Problem to work on> In the entries that follow, the lines from the one with "1 x Armor black" through the one with "Personnel of Chiayi" are the ones to write out, exactly and with both ends included. Nothing else should appear.

※

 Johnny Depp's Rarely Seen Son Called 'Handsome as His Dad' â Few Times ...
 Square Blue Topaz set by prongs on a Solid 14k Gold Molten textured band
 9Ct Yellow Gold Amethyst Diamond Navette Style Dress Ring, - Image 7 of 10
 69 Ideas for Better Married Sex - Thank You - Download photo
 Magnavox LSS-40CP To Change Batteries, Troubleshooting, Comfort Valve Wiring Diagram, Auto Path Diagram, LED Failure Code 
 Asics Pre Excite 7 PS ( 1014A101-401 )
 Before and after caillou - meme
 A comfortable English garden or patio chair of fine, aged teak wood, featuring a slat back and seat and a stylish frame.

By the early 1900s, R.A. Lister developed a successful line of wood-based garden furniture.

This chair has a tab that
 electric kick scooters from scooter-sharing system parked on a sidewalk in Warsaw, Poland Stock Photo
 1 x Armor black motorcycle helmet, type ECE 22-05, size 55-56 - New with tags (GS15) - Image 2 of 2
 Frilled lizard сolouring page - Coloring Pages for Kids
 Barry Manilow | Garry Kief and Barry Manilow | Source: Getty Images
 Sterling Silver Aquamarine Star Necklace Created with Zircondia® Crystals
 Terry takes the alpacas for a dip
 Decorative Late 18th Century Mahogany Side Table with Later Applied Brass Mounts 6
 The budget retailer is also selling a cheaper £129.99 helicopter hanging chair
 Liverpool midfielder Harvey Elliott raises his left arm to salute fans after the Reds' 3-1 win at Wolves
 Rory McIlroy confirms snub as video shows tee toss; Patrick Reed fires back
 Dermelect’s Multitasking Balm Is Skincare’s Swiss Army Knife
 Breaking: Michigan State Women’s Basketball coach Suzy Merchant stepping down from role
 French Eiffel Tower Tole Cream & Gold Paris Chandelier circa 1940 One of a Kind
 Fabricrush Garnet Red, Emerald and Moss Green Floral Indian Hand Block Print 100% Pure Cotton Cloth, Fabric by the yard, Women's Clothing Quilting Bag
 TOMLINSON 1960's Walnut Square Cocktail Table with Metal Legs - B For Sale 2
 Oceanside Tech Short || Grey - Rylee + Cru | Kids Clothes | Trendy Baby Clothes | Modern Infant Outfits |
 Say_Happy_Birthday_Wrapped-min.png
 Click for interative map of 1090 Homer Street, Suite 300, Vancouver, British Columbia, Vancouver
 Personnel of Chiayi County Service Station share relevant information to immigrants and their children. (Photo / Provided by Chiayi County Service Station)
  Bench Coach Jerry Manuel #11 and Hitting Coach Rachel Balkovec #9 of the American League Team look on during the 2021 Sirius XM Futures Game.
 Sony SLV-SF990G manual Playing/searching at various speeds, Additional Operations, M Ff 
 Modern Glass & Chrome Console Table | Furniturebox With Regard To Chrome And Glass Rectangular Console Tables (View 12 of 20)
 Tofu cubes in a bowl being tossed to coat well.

※

Written answer>
 1 x Armor black motorcycle helmet, type ECE 22-05, size 55-56 - New with tags (GS15) - Image 2 of 2
 Frilled lizard сolouring page - Coloring Pages for Kids
 Barry Manilow | Garry Kief and Barry Manilow | Source: Getty Images
 Sterling Silver Aquamarine Star Necklace Created with Zircondia® Crystals
 Terry takes the alpacas for a dip
 Decorative Late 18th Century Mahogany Side Table with Later Applied Brass Mounts 6
 The budget retailer is also selling a cheaper £129.99 helicopter hanging chair
 Liverpool midfielder Harvey Elliott raises his left arm to salute fans after the Reds' 3-1 win at Wolves
 Rory McIlroy confirms snub as video shows tee toss; Patrick Reed fires back
 Dermelect’s Multitasking Balm Is Skincare’s Swiss Army Knife
 Breaking: Michigan State Women’s Basketball coach Suzy Merchant stepping down from role
 French Eiffel Tower Tole Cream & Gold Paris Chandelier circa 1940 One of a Kind
 Fabricrush Garnet Red, Emerald and Moss Green Floral Indian Hand Block Print 100% Pure Cotton Cloth, Fabric by the yard, Women's Clothing Quilting Bag
 TOMLINSON 1960's Walnut Square Cocktail Table with Metal Legs - B For Sale 2
 Oceanside Tech Short || Grey - Rylee + Cru | Kids Clothes | Trendy Baby Clothes | Modern Infant Outfits |
 Say_Happy_Birthday_Wrapped-min.png
 Click for interative map of 1090 Homer Street, Suite 300, Vancouver, British Columbia, Vancouver
 Personnel of Chiayi County Service Station share relevant information to immigrants and their children. (Photo / Provided by Chiayi County Service Station)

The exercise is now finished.